Arrays will have to be used in solving most of the algorithmic questions. Hence it is important to be thorough with the concepts of arrays, the common operations performed on arrays and the efficiency of these operations. Below questions address some of these concepts. Java programming language will be used for code snippets wherever applicable to depict these concepts of Arrays.

Arrays are data storage structures that store data of same type (e.g. char, int, string etc.). Data values stored in the array are commonly referred to as elements of the array.

**Structure of Arrays** - Arrays are index based, i.e. every element stored in an array has an assigned index number and can be accessed using it's index number.
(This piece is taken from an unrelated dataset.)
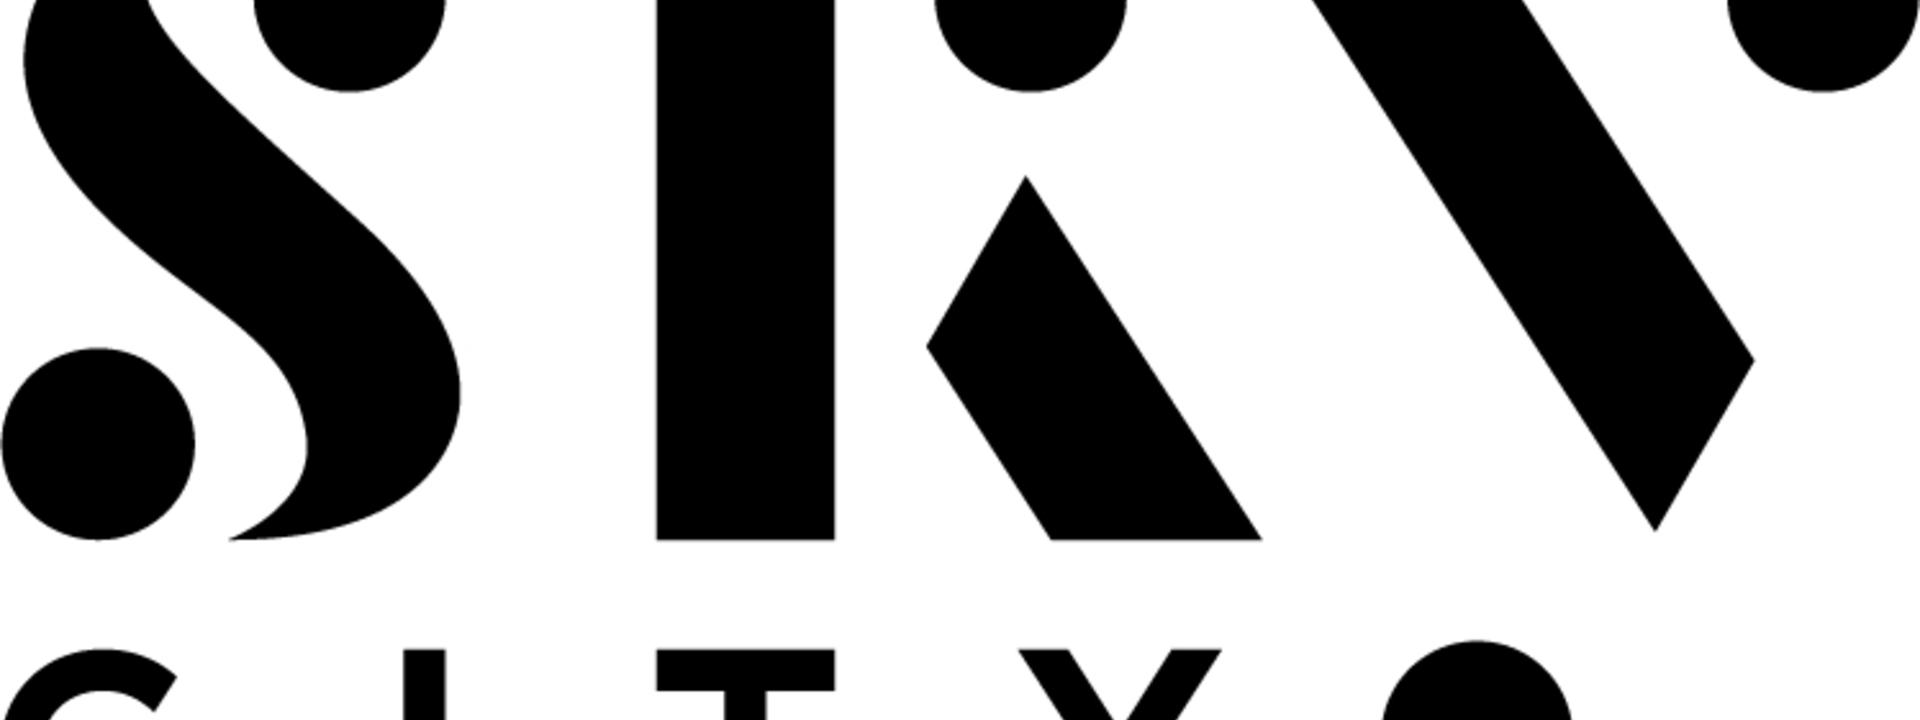 skycity-hotel-logo-stacked-black-rgb_0.jpg

The index of the first element of the array is 0, and the index of the last element of the array is (N-1) where N is the number of elements of the array. N is also referred to as the size of the array.

Arrays are fixed in size, i.e. once you declare an array of a specific length, it's size cannot be changed.

**Memory**

Memory allocated to an array depends on the size of array and the type of elements. For example, when you create an array of size 10 containing elements of type int (4 bytes), a contiguous memory of 40 bytes (4*10) is allocated for the array.

The array can then be referenced through the address of it's first byte, and an element of the array can be accessed through it's index number.

The value of an array element can be read or updated by using the index number of the array.

The reference to an array refers to the address of the first byte of the array. When we request access to an element at a particular index, the computer calculates the address of this element based on the element type and index, and returns the element at that address.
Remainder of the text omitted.